_Work to complete_
Leave out any pictures and transcribe all other data below exactly.

_Input data_
....

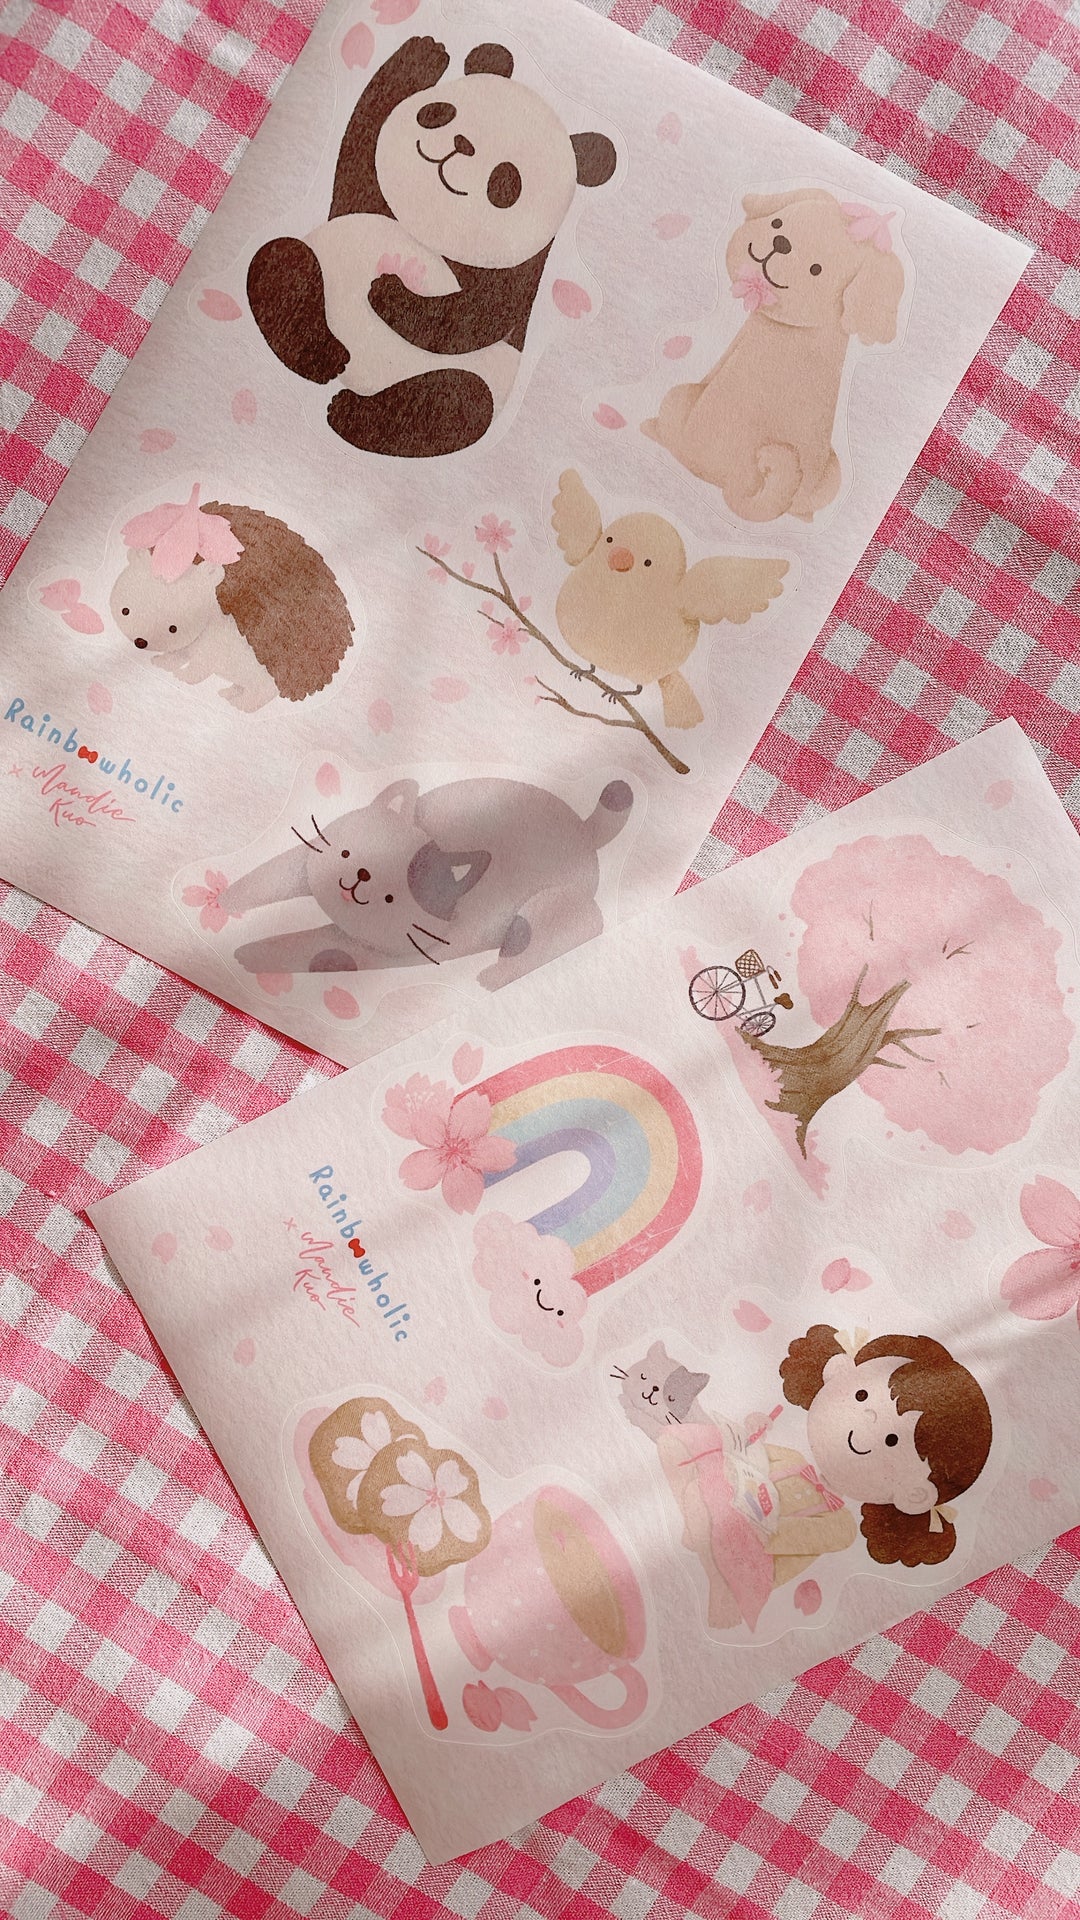 (ST020) Rainbowholic x Mandie Kuo Collab Sakura & Kawaii Animals Sticker Set (2 sheets)
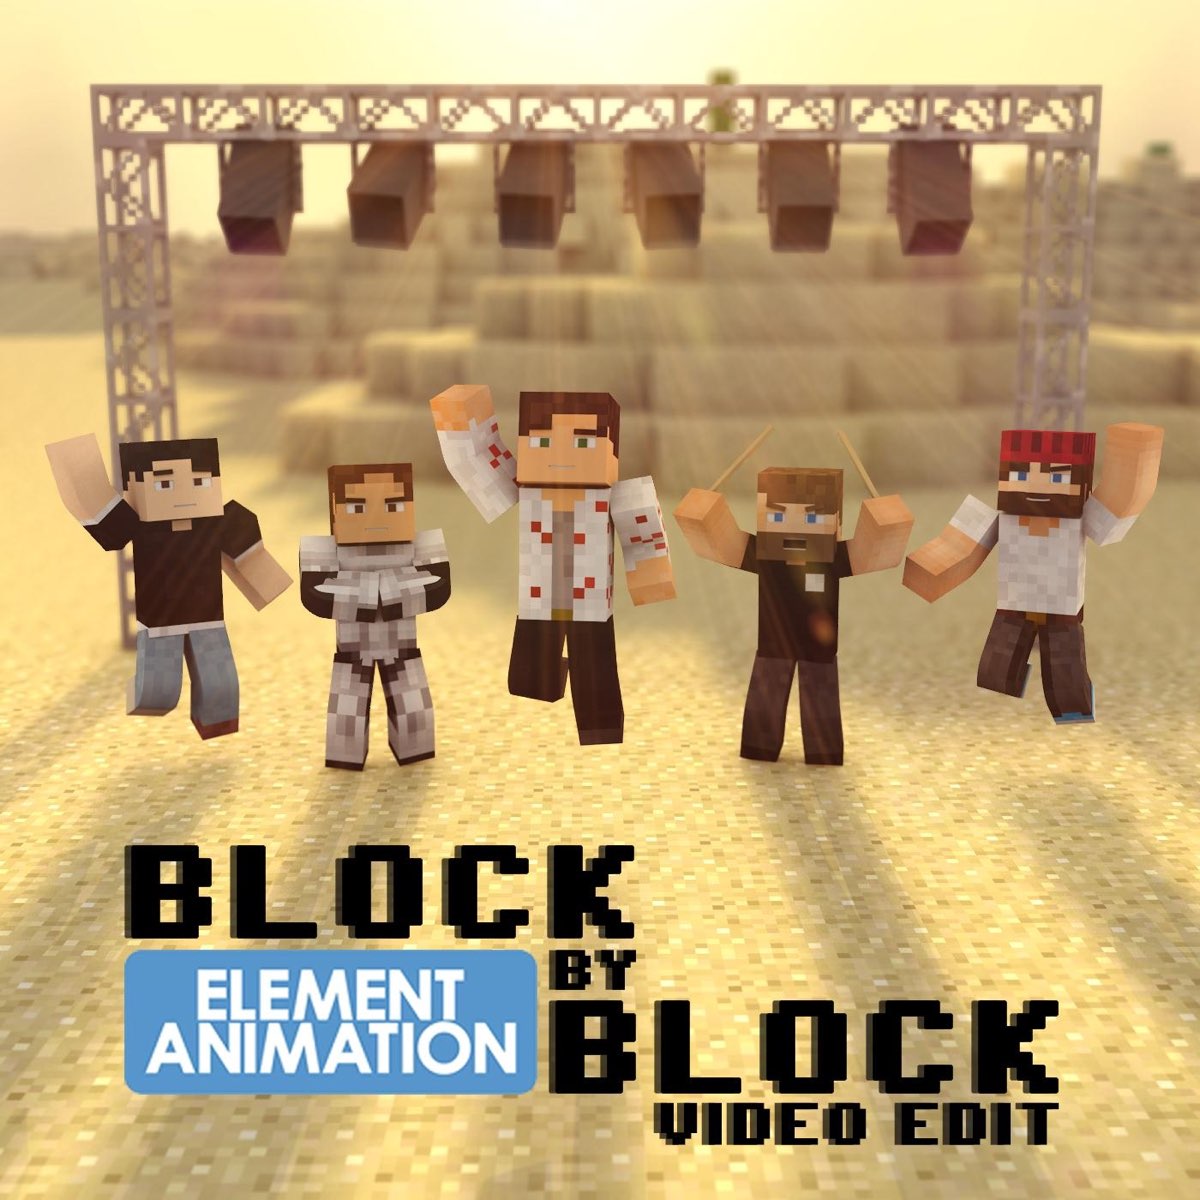 Block element. Element animation. Steve element animation. Block animations. Element animation 2.
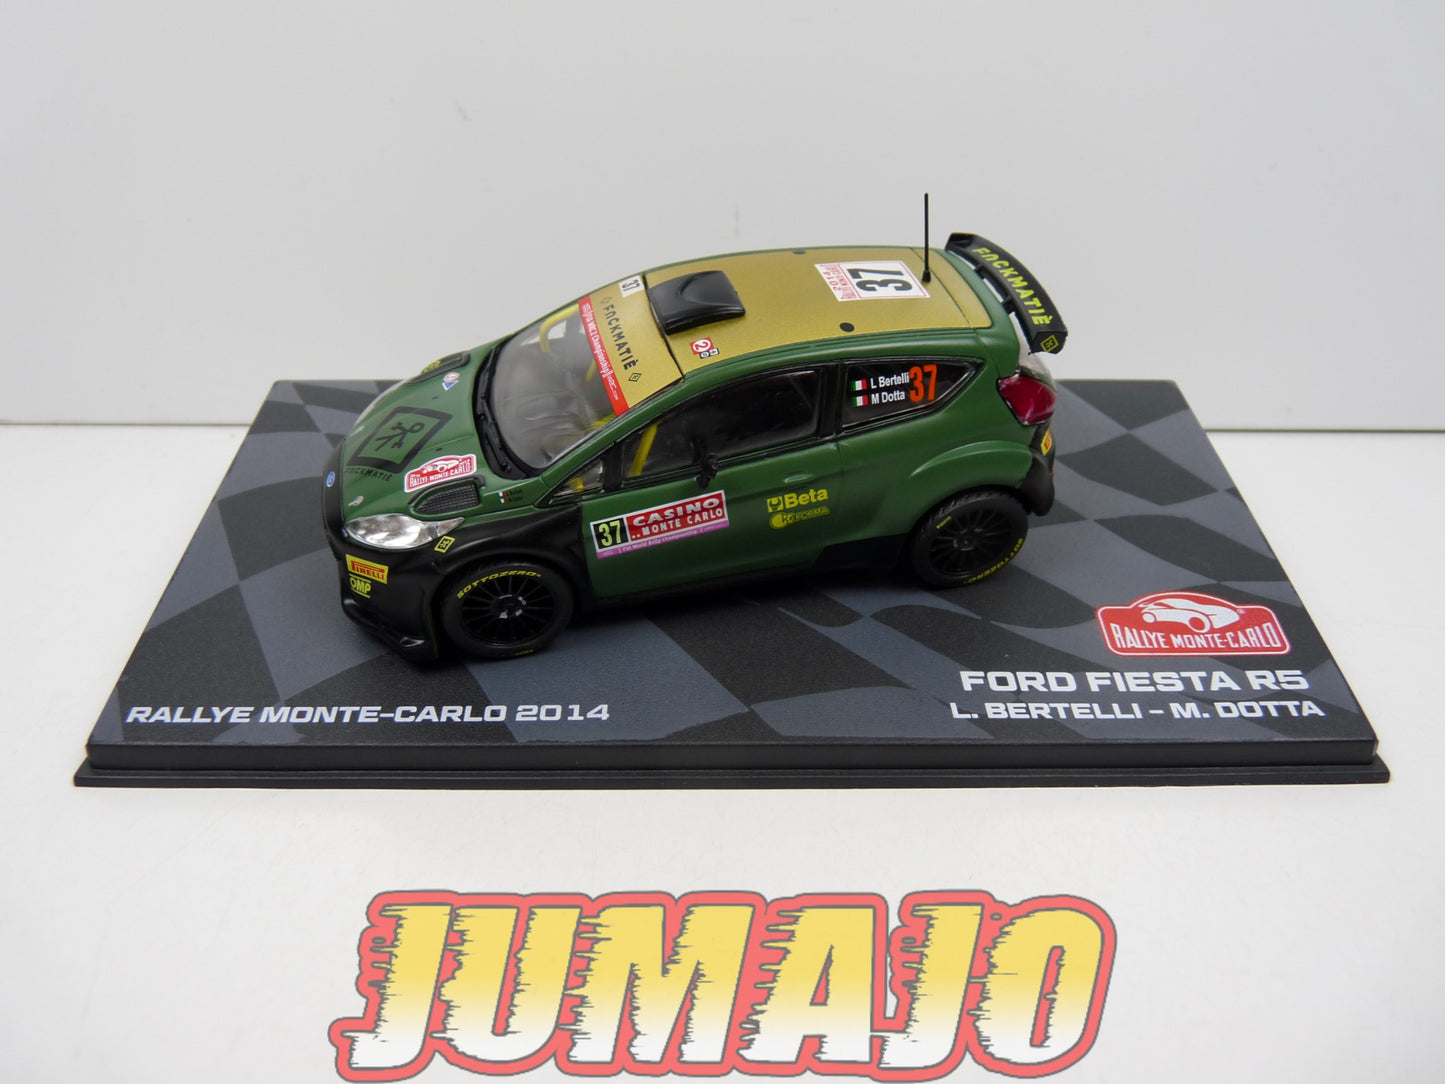 RMIT20 1/43 IXO Rallye Monte Carlo : FORD FIESTA R5 2014 L.Bertelli

....

_Reply to the task_
 (ST020) Rainbowholic x Mandie Kuo Collab Sakura & Kawaii Animals Sticker Set (2 sheets)
 Block element. Element animation. Steve element animation. Block animations. Element animation 2.
 RMIT20 1/43 IXO Rallye Monte Carlo : FORD FIESTA R5 2014 L.Bertelli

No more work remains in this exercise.